TLDR: we’re looking for a well-defined way to create objects with vptrs via memcpy.

We have a common code pattern on creating new message objects in protobuf parser:

// Message is almost trivial, except that it has virtual methods
class Message {
 public:
    virtual ~Message();
    // allocate memory from the arena, and call placement new.
    virtual Message* New(Arena* arena); 
    
    intptr_t meta_data_;
};

Message* create(const Message* default_instance, Arena* arena) {
  return default_instance->New(arena);
}

This code creates a new instance of Message from the default_instance via a New virtual function. It works fine and has well-defined behavior. This code has a devirtualization cost. In many cases, the overhead of invoking virtual functions outweighs their benefits, especially considering that for most protobuf messages, these functions just perform very little work.

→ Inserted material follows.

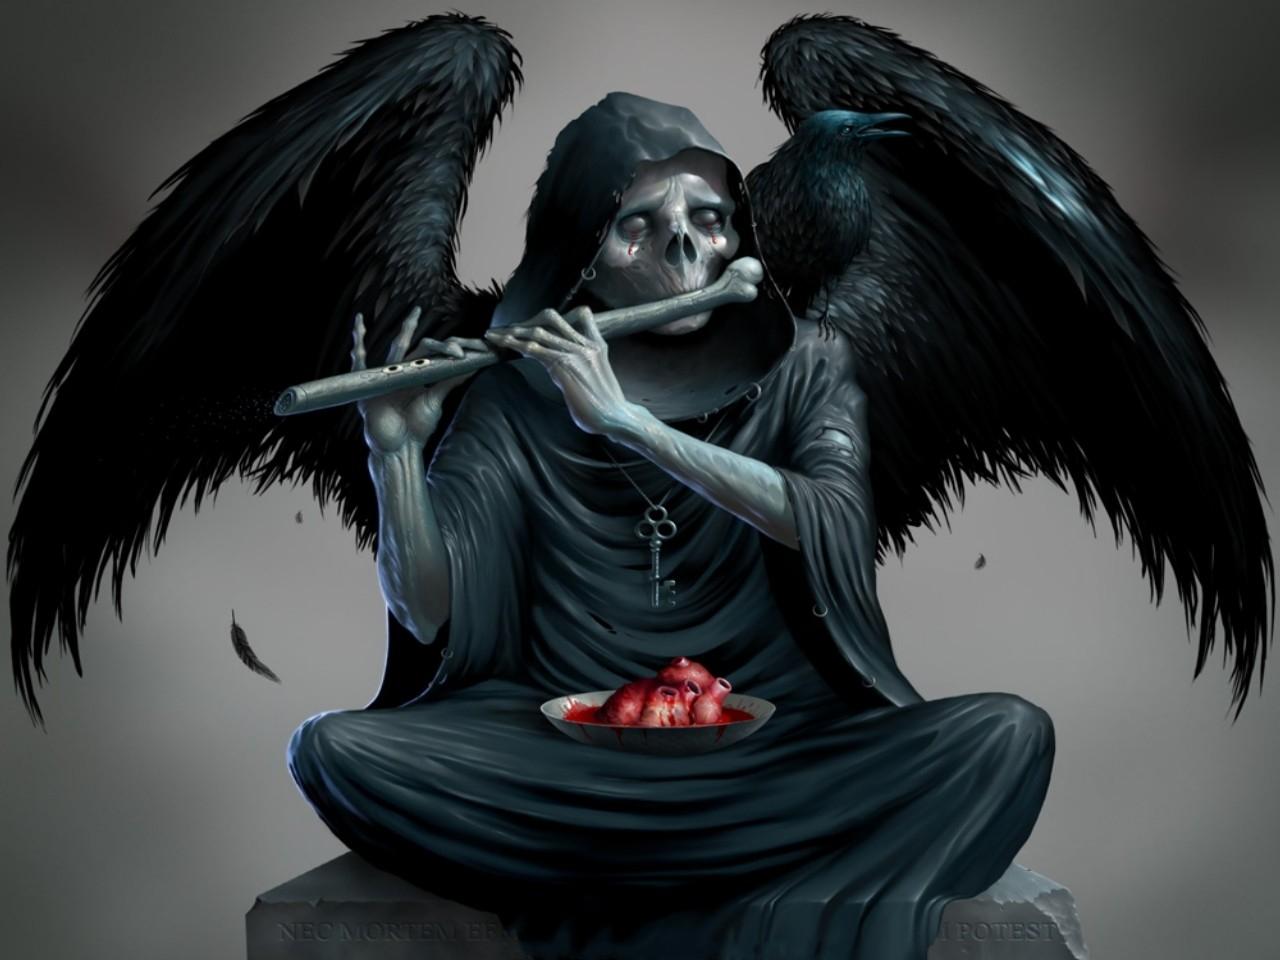 http://2.bp.blogspot.com/-jfXLnMNguoc/Ti--rALweiI/AAAAAAAADtQ/AdQFVWnvYJc/s1600/Dark-Angel-Wallpaper_horror.jpg

A faster approach is to utilize memcpy, copying the bytes from the default instance to a buffer and then materializing a new object from the buffer:

Message* create(const Message* default_instance, Arena* arena) {
  unsigned size = default_instance->size(); // including vptr
  char* buffer = arena.allocate(size);
  // bitwise copy of object representation.
  memcpy(buffer, default_instance, size); // UB1: memcpy on a non-trivially copyable object
  return reinterpret_cast<Message*>(buffer); // UB2: Message object lifetime is not started
}

This implementation is significantly faster, as observed in the parsing benchmarks, with a reduction of ~10% CPU time and ~8% cpu cycles. Parsing is a critical workload for us.

However this code has undefined behavior:

  • Undefined Behavior 1 (UB1): according to the C++ basic.types.general p2: “For any object (other than a potentially-overlapping subobject) of trivially copyable type T, whether or not the object holds a valid value of type T, the underlying bytes ([intro.memory]) making up the object can be copied into an array of char, unsigned char, or std​::​byte ([cstddef.syn]).”, Message is not trivially copyable, so using memcpy to copy its bytes is not guaranteed to work.

  • Undefined Behavior 2 (UB2): according to the C++ intro.object p1: “An object is created by a definition, by a new-expression (expr.new), by an operation that implicitly creates objects (see below), when implicitly changing the active member of a union, or when a temporary object is created (conv.rval, class.temporary)”, the returned object is not created in any of these ways, particularly its lifetime has not started properly.

Given the significant performance improvement, we’d like to apply these changes in production. However, our main concern is these undefined behavior, even though the code works with the current clang toolchain. Some ideas:

Regarding UB1, I don’t have a good answer. The best I can say for this particular case it should work in practice (maybe it is safe to assume it always works?).

The “Making More Objects Contiguous” P1945R0 introduces a new contiguous-layout type, which covers class types with virtual functions, this should make it well-defined behavior, but this proposal doesn’t seem to have any updates.

Regarding UB2, we can provide a builtin like __builtin_start_object_lifetime in clang to bless it, the builtin is similar to C++23 std::start_lifetime_as, but permits starting lifetime of non implicit-lifetime types. (The builtin implementation is not complicated given the current way that clang lowers the code to LLVM IR, for most part it is no-op, but we need to make sure optimizers -fstrict-vtable-pointers, -fstrict-aliasing, sanitizers respect it).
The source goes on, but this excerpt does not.